Walk! A Long-Term Observational Investigation of Knee Osteoarthritis
By Ellen Feldman, MD
Altru Health System, Grand Forks, ND
- Eligible patients aged 50 years and older with documented knee osteoarthritis were selected from the larger multicenter Osteoarthritis Initiative, which included periodic monitoring and knee evaluations.
- To evaluate walking as exercise, the Historical Physical Activity Survey Instrument was administered to the 1,212 respondents in this study at 96 months.
- Results indicate that walking for exercise was associated with a 40% less chance of reporting new frequent knee pain and a 20% less likelihood of medial joint space narrowing. However, there was no association with improved frequency of knee pain from baseline in this group.
SYNOPSIS: An observational study of more than 1,000 individuals aged 50 years and older with knee arthritis revealed that regular walking for exercise correlates with fewer reports of new knee pain and slower disease progression, as verified by radiographic evidence at eight-year follow-up.
SOURCE: Lo GH, Vinod S, Richard MJ, et al. Association between walking for exercise and symptomatic and structural progression in individuals with knee osteoarthritis: Data from the Osteoarthritis Initiative cohort. Arthritis Rheumatol 2022;74:1660-1667.
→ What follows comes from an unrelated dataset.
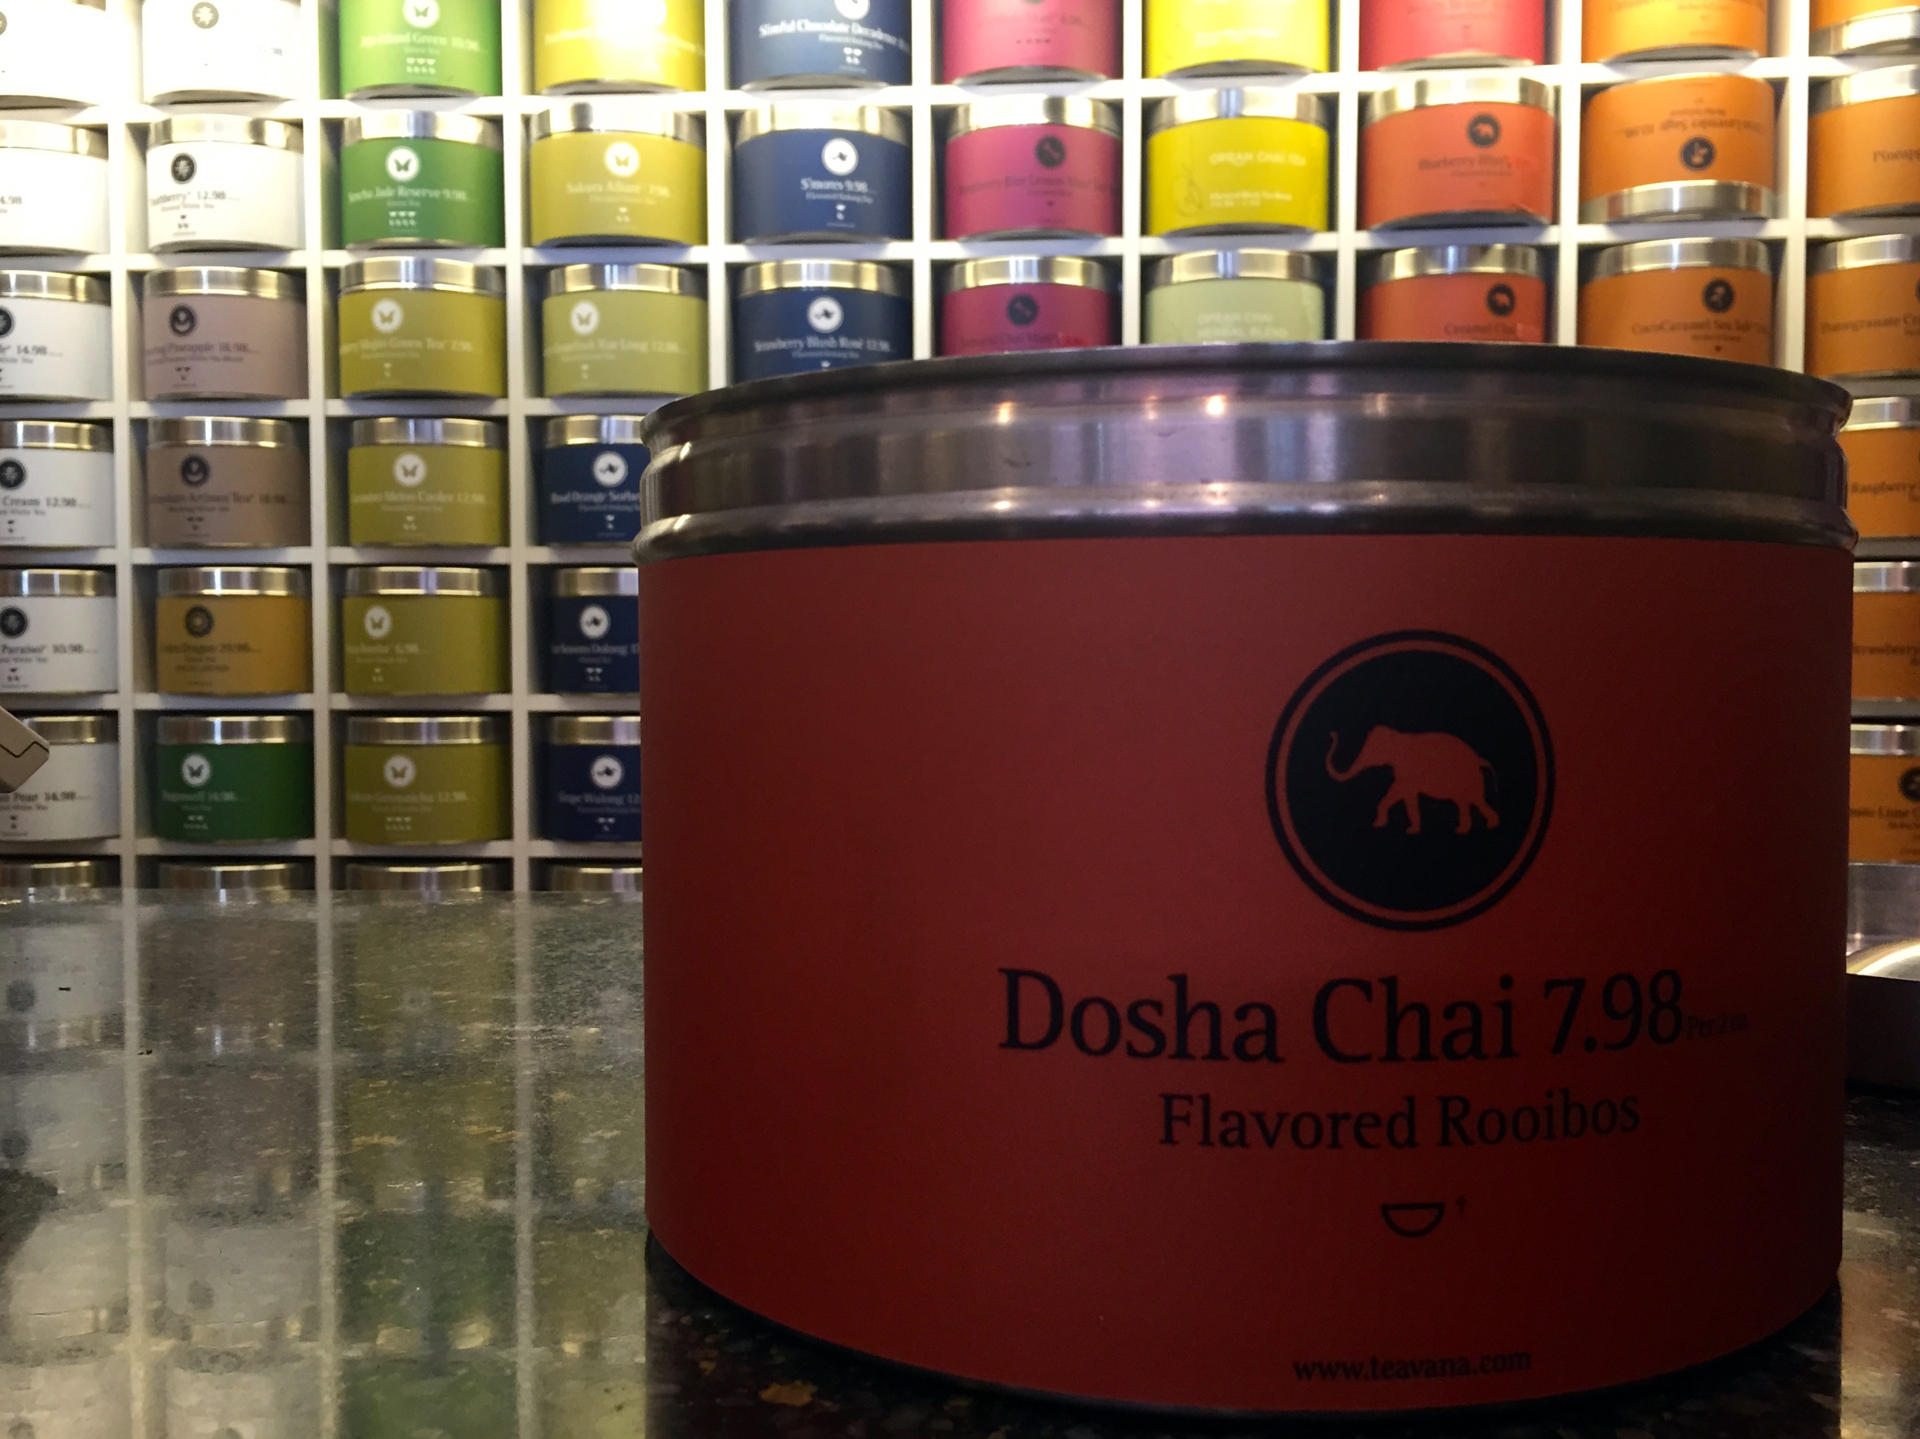 Teavana offers multiple rooibos blends in their Corte Madera store.

Knee osteoarthritis, distinguished by chronic pain and functional impairment, is the predominant type of arthritis in the United States. This multifactorial, progressive joint disease exhibits a global prevalence of 16%, escalating with age and obesity. Given the significant morbidity associated with knee arthritis, research efforts are focusing on both treatment strategies and prevention of disease progression.1
Professional bodies, such as the American College of Rheumatology and Osteoarthritis Research Society International, recommend a comprehensive approach to managing knee arthritis. This involves a multi-pronged approach, including behavioral, physical, and pharmacologic interventions, with a key emphasis on exercise. Walking for exercise is recommended, but there are limited studies investigating the effect that walking has on knee arthritis.2 In this context, Lo et al undertook a study designed to explore the long-term impact of walking on the progression of knee arthritis.
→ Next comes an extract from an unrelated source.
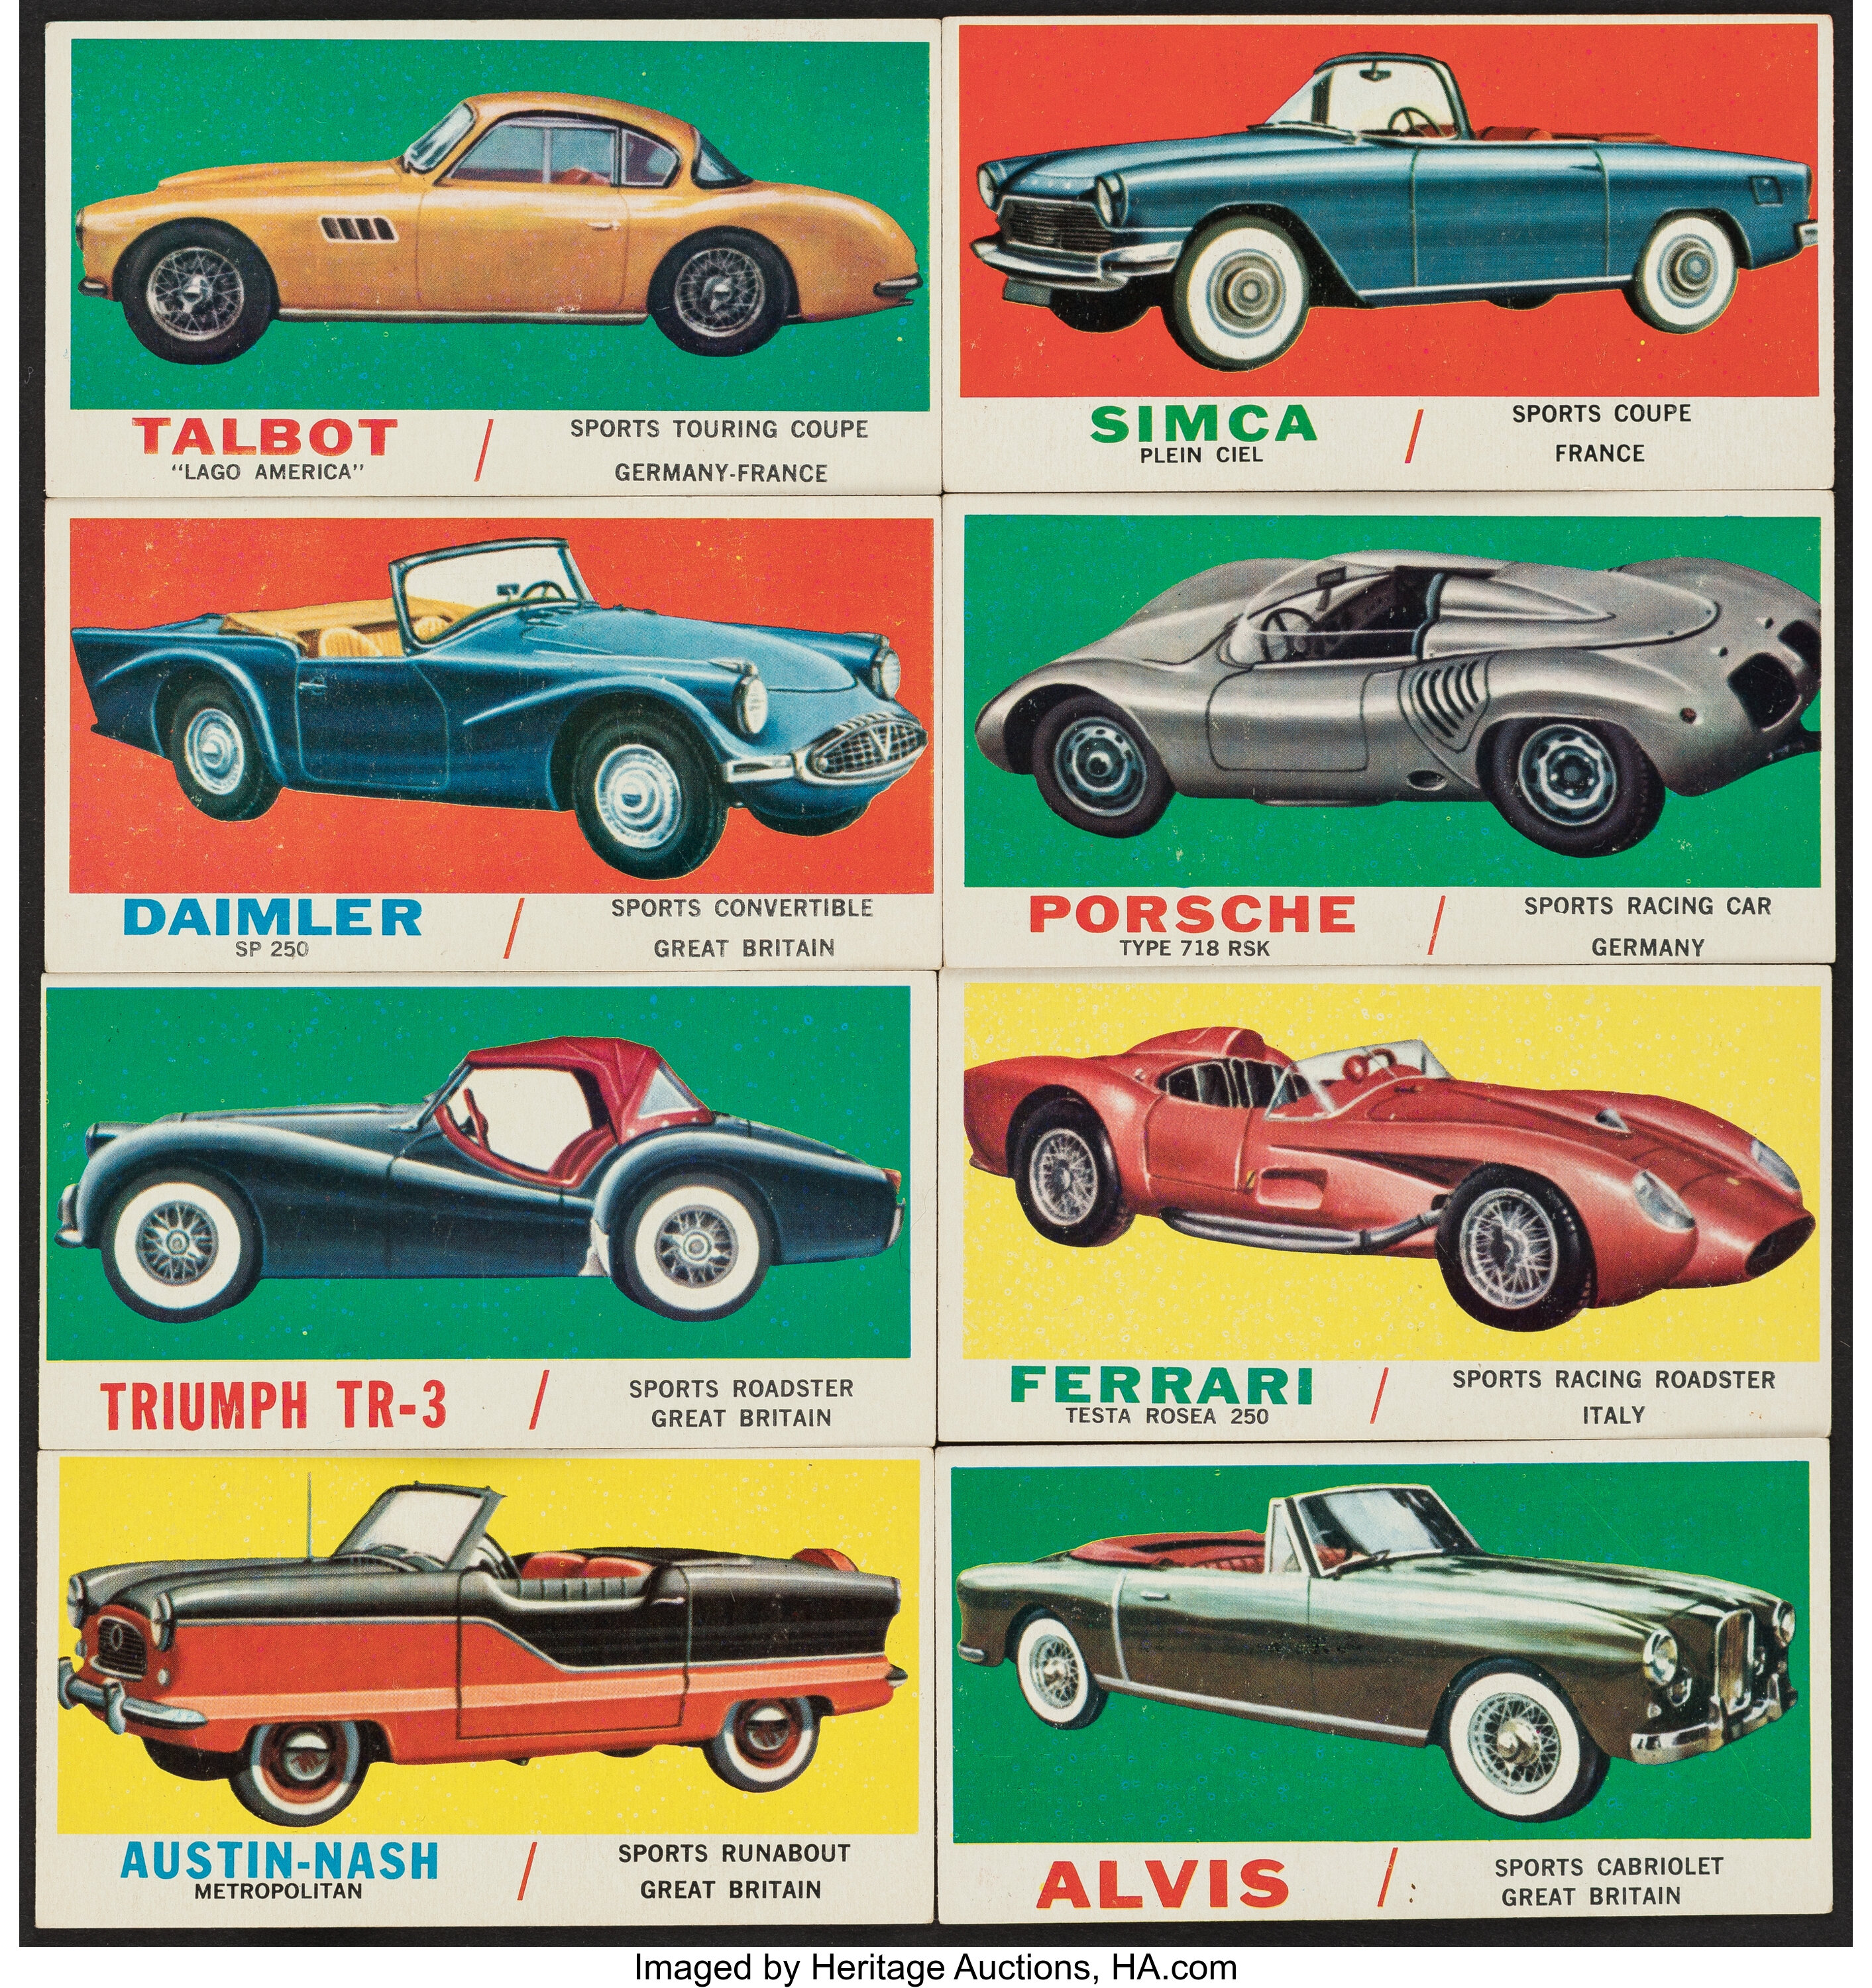 1961 topps sports cars complete set 66 non sport cards lot 41111 heritage auctions https sports ha com itm non sport cards sets 1961 topps sports cars complete set 66 a 151922 41111 s

The Osteoarthritis Initiative, currently in the fourteenth year of follow-up, is a longitudinal, prospective study on knee arthritis.3 Lo et al drew data from a selected group of participants in this study. Eligibility for the Lo et al study included being at least 50 years of age at baseline evaluation and radiographic evidence of knee arthritis at baseline and 36 or 48 months’ follow-up. Additionally, all participants in this nested study needed to complete the Historical Physical Activity Survey instrument at 96 months to retrospectively quantify level of walking for exercise.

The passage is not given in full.